Thanks @foobar_lv2 for the clever suggestion. In my case the structures in the array are of different types (all derived from an abstract type) and have defined constructors thus instantiating by doing typ(args_tuple...) is not available. Also, I’d like to define this copy function for the abstract type in order to avoid writing a copy function for each derived type.

I found that deepcopy.jl uses

    y = ccall(:jl_new_struct_uninit, Any, (Any,), T)

to instantiate an uninitialized instance of T.
Is it ok to use such instruction in a conventional code? Is this interface likely to change in a near future?

I’d warn against taking a naive shallow copies of types with inner constructor. Reason is that inner constructors are used to figure out which fields can be uninitialized, and often contain pointers to external resources that are allocated on construction and cleared by finalizers (memory in external libraries, file descriptors, …).
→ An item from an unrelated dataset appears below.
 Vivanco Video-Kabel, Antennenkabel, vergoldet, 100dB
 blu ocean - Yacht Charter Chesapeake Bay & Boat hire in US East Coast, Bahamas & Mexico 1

If you take a naive shallow copy then you get into trouble (classic use-after-free: original gets garbage collected, and your copy still holds a reference).

That being said,

julia> ex=:(_genobj(typ)=$(Expr(:new, :typ))); eval(ex)
_genobj (generic function with 1 method)

julia> mutable struct some_typ
       a::Int
       b::Vector{Int}
       end
julia> _genobj(some_typ)
some_typ(1, #undef)

This is somewhat invalid (but your ccall scheme should be just as invalid): We are lying to the compiler about uninitialized fields. The lack of inner constructor told the compiler that b is always initialized; but it isn’t because _genobj is not quite valid julia:

julia> arr=[_genobj(some_typ) for i=1:100];
julia> t(arr,i)=arr[i].b
julia> t(arr,5)

signal (11): Segmentation fault

Just dispatch Base.copy(x::AbstractT) = mycopy(x) for whatever scheme you decide on.